As secure as possible, both with respect to third parties as well as employees of any organization hosting the service. This includes making sure to use the latest perspectives on choices of crypto.
Owner control: we should enable and facilitate as much as possible the ability of an Owner to control (and understand) the particulars of necessary trade-offs between ease of use, privacy, and security.
Transparent: from the beginning, prepare for future open sourcing, publishing, third party reviews of various kinds.
High performance and scalability.
Utilize large, modern building blocks: leverage the “from scratch” opportunity to both select current best-practice, as well as aggressively seek out next-generation technical opportunities.
Minimalistic in implementation: as little dependence as possible on external libraries and tools, as little of our own custom code as possible.

Accountability#

A brief note on accountability needs - they are rooted in the following deductions:

The Institute’s Mission is to “inform and empower Members to defend their privacy and protect their information,” which implies:

We want to help as many people as possible
We want to help them in a significant way
We want to help them in a sustainable way over a long period of time

This leads to two directions:

We want to develop and host a service. We are doing that on https://Privacy.App - if you become a Member, you can both use that service, and you’re supporting the efforts to develop snackabra and other projects.
We want to empower individuals to run equivalent (and interoperable) service(s), either for themselves personally, or to host a paid-for service. We are doing this by developing the https://github.com/snackabra technology as open source, and without strange footnotes, restrictions, or gotchas.

With respect to our own hosting, we arrive at a few principles that relate to any Members:

We cannot allow illegal activities. A liberal, democratic society will not (and cannot) accept communication and collaboration systems that are used for clearly and unambiguously illegal activities. [4] [5]

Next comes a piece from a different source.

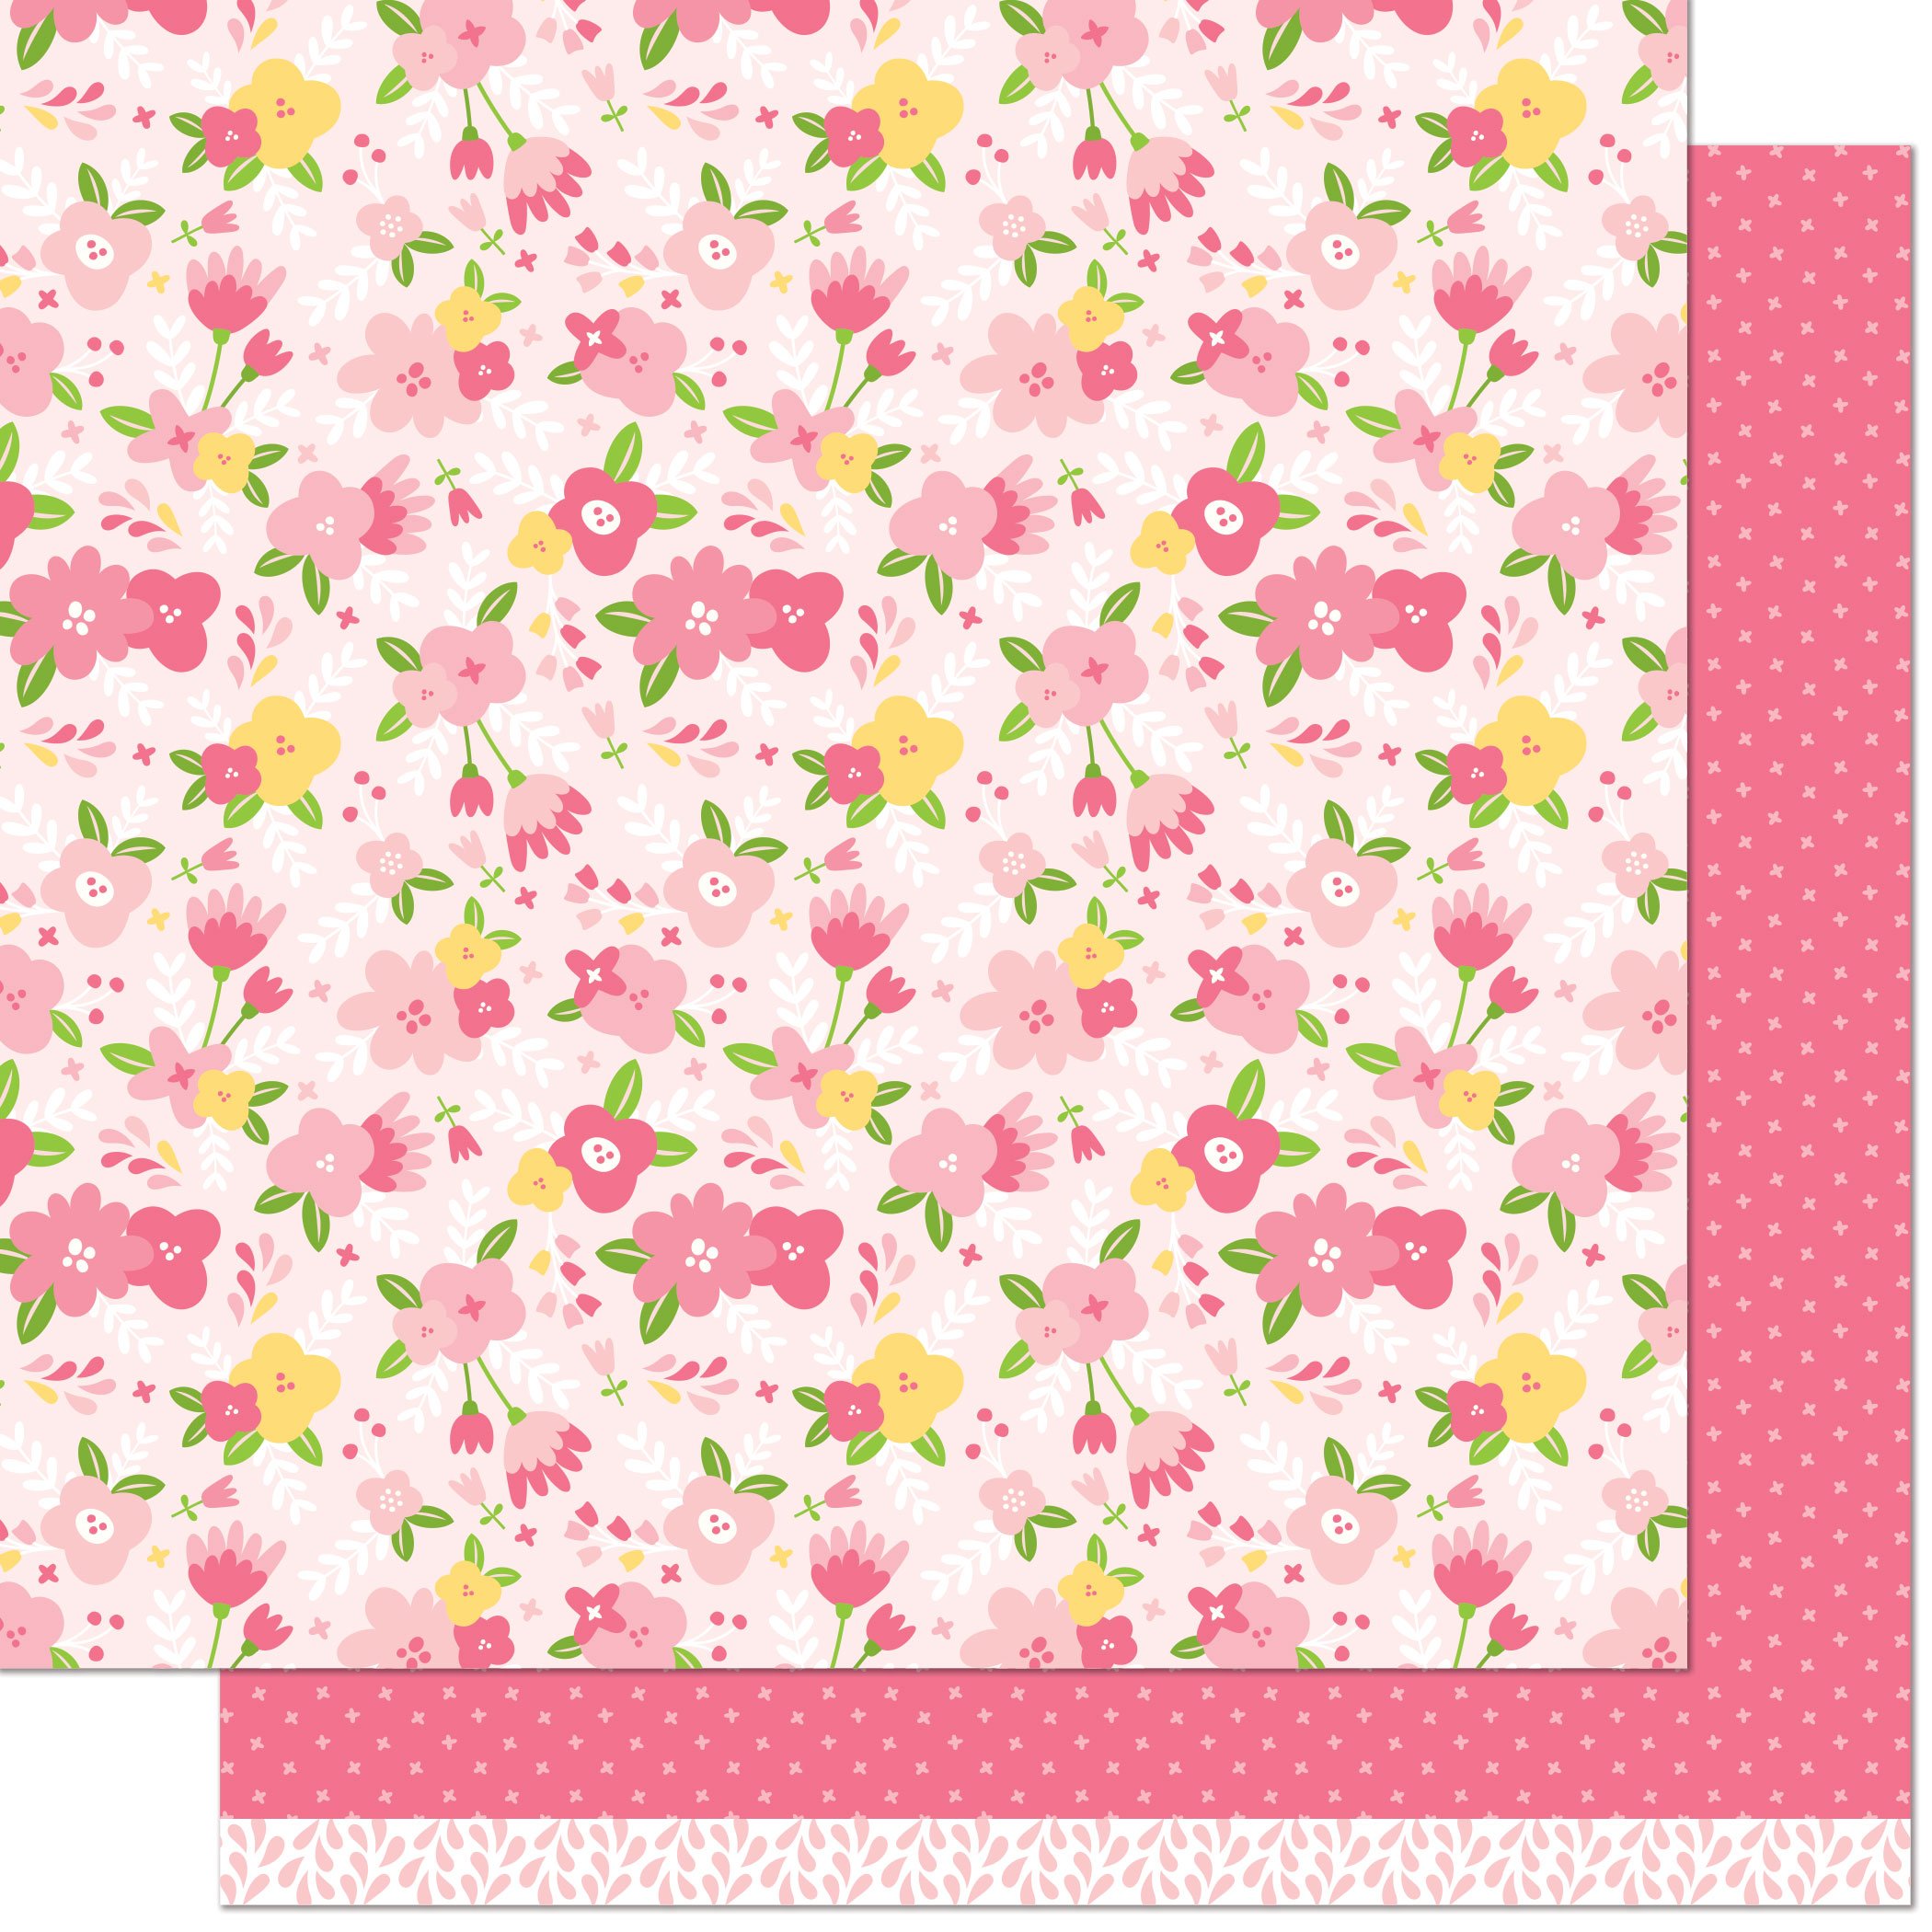  Lawn Fawn papers  debbie

We need to pick one legal jurisdiction - it’s beyond the scope of this summary to walk through the exact details of this consequence, but essentially what we find is that any attempt to be “global” will constrain our ability to protect or help Members and easily ends up becoming lowest common denominator. [6] [7] Since we are a US-based non-profit, we are at a minimum subject to US law, ergo, we select US (and only US) jurisdiction over us. [8]

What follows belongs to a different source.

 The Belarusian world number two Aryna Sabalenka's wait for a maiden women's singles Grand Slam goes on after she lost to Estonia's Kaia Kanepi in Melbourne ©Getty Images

The minimum, practical, amount we need to know about you is (a) you’re Human and (b) you are a United States resident (that you are subject to - and only subject to - our single jurisdiction).

Design Decisions#

Given all the above principles, constraints, and consequences of accountability, we currently derive these (strict) decisions:

All conversations, communications, photo or file sharing, etc, occur in a Room.
All conversations must have an Owner that is responsible and accountable for any conversations and communications that occur in the room [9]
Unavoidable trade-offs between privacy, security, and ease of use are managed on a per-room basis
The owner controls who has access to a room, any settings, and has control over content - including “taking down” postings, removing other participants etc

Discussion Topics#

A few topics don’t easily fit in elsewhere. Those are here.

Deleting / Recording / “Autodestruct” Message Models#

Some chat services make various claims about supporting messages to be deleted, not downloadable, not recordable (even against screenshots), etc.

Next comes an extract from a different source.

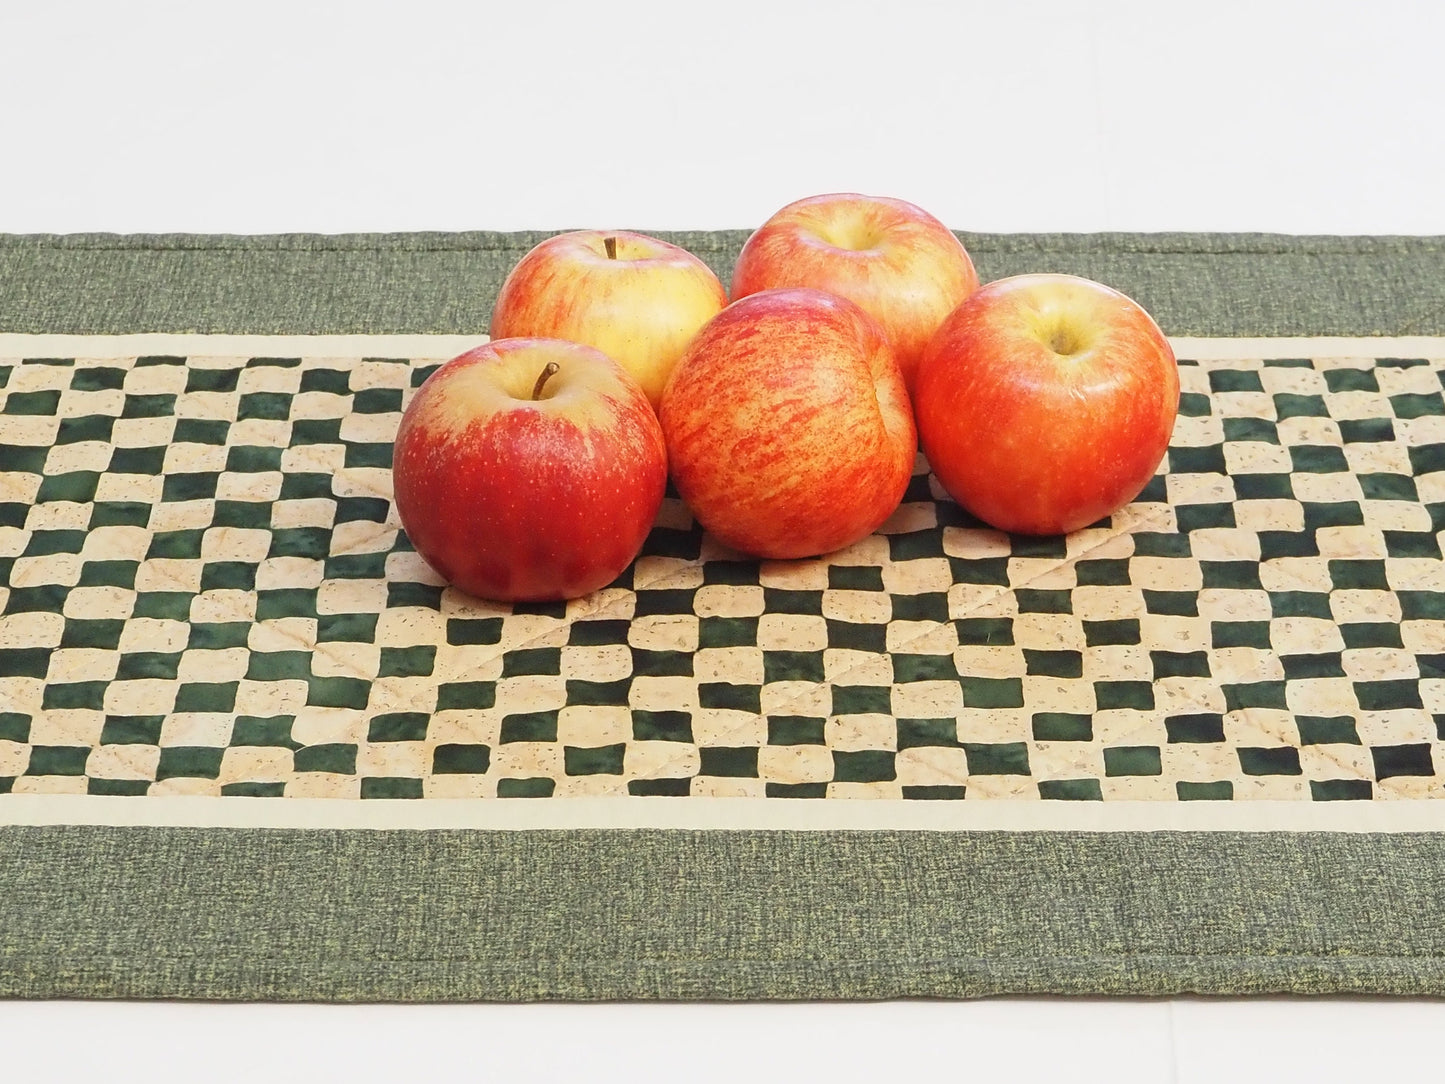 Green Check Quilted Table Runner

To make a long story short, this is simply not true: it is not something any chat service can geniunely promise. Period. The only way to truly accomplish this would be to provide a tightly integrated hardware, operating system, and application, from a single vendor. In which case you now have to completely trust the vendor.

The thing about “Trust”#

Allow us to elaborate. There is no such thing as zero trust communication, outside of the realm of your own dreams, at night, that you promptly forget upon waking up. Any communication with another party, at a minimum you have to have some trust for that other party. To generalize, if you are in a conversation with N participants (counting yourself), you at a minimum have to trust all the others (assuming you can trust yourself).

A communication system that is provided to your group by a third party now requires you to trust at a minimum one more party (what we call the “+1 effect”). But that minimum is not likely to actually be the case. For example, if you’re using a “highly secure” messaging system on your smartphone, you’re now needing to trust both the service provider as well as the phone manufacturer. In all likelihood, in both “camps” (app and phone), several more. [11]

Our objective with this design is to minimize these “trust-creep” effects. As baseline, we split the system into (offline) CLI key and identity generation, a separate SSO [12] to manage public room keys and Owner information, backend servers on Cloudflare, and the frontend UI by default not a phone “app” but a simple single-page web application. This separation is intended to make ourselves the only single point of failure: more than one of these separate systems would have to be compromised to penetrate your privacy with us knowing about it.

That last part is key. The point being, if you trust us, you do not have to trust all these underlying service providers that we use to build a working system. Our objective is for that “+1” effect to be as truly limited to “1” as possible.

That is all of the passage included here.